Debt also discourages entrepreneurship and risk-taking by some of our brightest, most energetic residents, often best situated to take the smart risks so productive for themselves and the rest of society. How many young Bill Gateses seek employment beneath their abilities and at odds with their dreams, rather than unlock their potential – and establish whole new industries – by working for themselves out of their living room while they are young and hungry?

Student debt is of course driven in large part by high tuition rates, and New Jersey charges its in-state students the fourth-highest tuition and fees in the country. New Jersey in-state tuition grew by almost 24 percent from 2004 to 2013, far outpacing inflation.

Fortunately, our state’s flagship university, Rutgers, now has a good example from a peer institution of how to cut costs for its students. Big Ten sister school Purdue University has made intelligent savings a priority since the arrival of its current president, Mitch Daniels, Indiana’s former governor.

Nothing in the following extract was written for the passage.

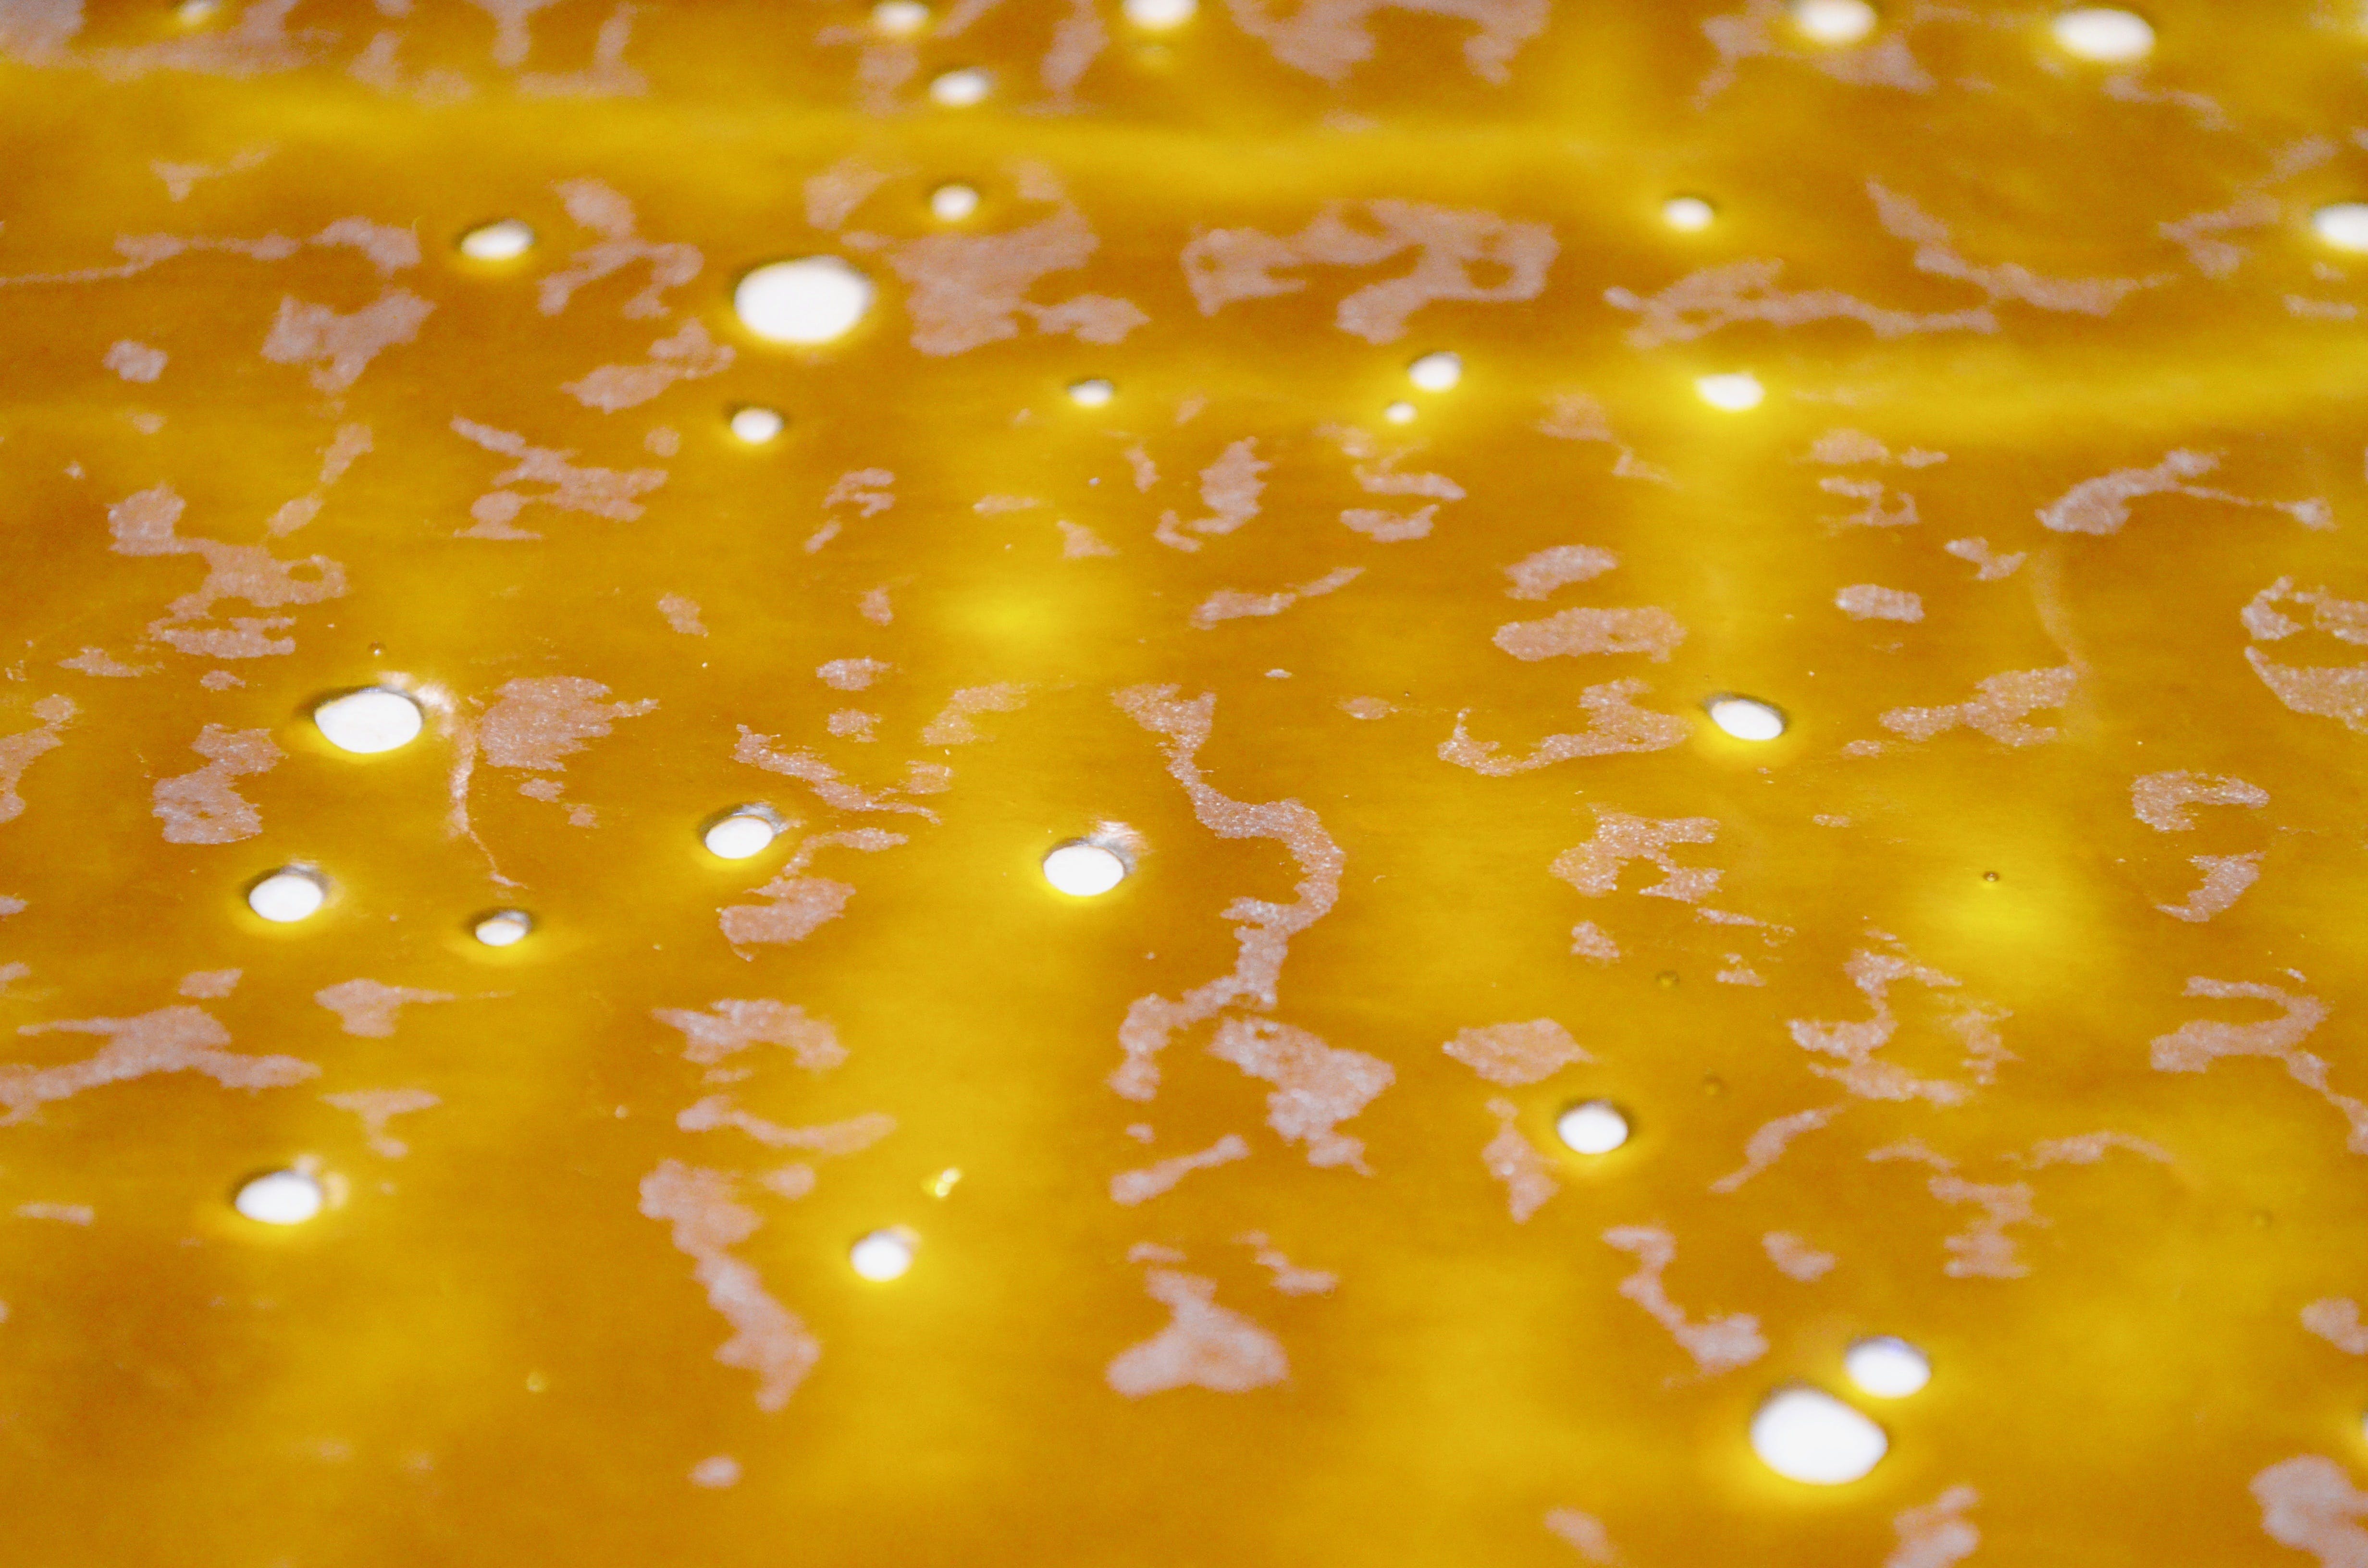 concentrate-power-plant-shatter-1g

At the time of his hiring, Daniels stated, “At Purdue, we will make our first goal affordability, accommodating our spending to students’ budgets not the other way around.” What a refreshing orientation.

Eighteen months after the arrival of Daniels at Purdue, the university froze tuition for the first time in thirty-six years and has maintained the freeze for the last four school years. Besides freezing tuition, Purdue has cut a range of costs, such as combining some administrative jobs, reducing food service expenses, and partnering with Amazon on the price of textbooks. The upshot is that seniors at Purdue this year are paying less than when they started school three years ago.

Daniels challenges his faculty, administrators, students, and alumni to think about this: what are we doing that once made sense, but no longer does; what are we doing in multiple places that could be done less expensively in one; and what are we doing that does not further our core missions for learning? Then he sets incentives for faculty and staff alike to run more efficiently. For example, the fiscal year 2016 Purdue budget provides for increases in faculty merit bonuses and bounties for colleges in the University for hitting certain efficiency targets.

What do Purdue students get for their tuition dollars? A top-notch school. Purdue boasts the country’s best agricultural and biological engineering program, the sixth-best aeronautical and civil engineering programs and the eighth-best industrial and mechanical engineering programs, according to U.S. News and World Report. Princeton Review named Purdue one of the best value colleges in the nation, with a highly diverse student body and an active and loyal alumni base. And it bears reiterating – Purdue has achieved these distinctions, and gathered such momentum, without raising tuition on students and their parents for the last four years.

Now proudly part of the Big Ten, Rutgers has a model for innovation, efficiency and success in its sister school from West Lafayette, Ind. Purdue proves that it can be done. I hope the administration in New Brunswick is watching closely. Rutgers would score a huge victory for its students and our state if it could hold the line on tuition and costs, even for one year. That would be as impressive as winning any conference championship in athletics.

Assemblyman Jay Webber represents the 26th Legislative District in the N.J. Assembly.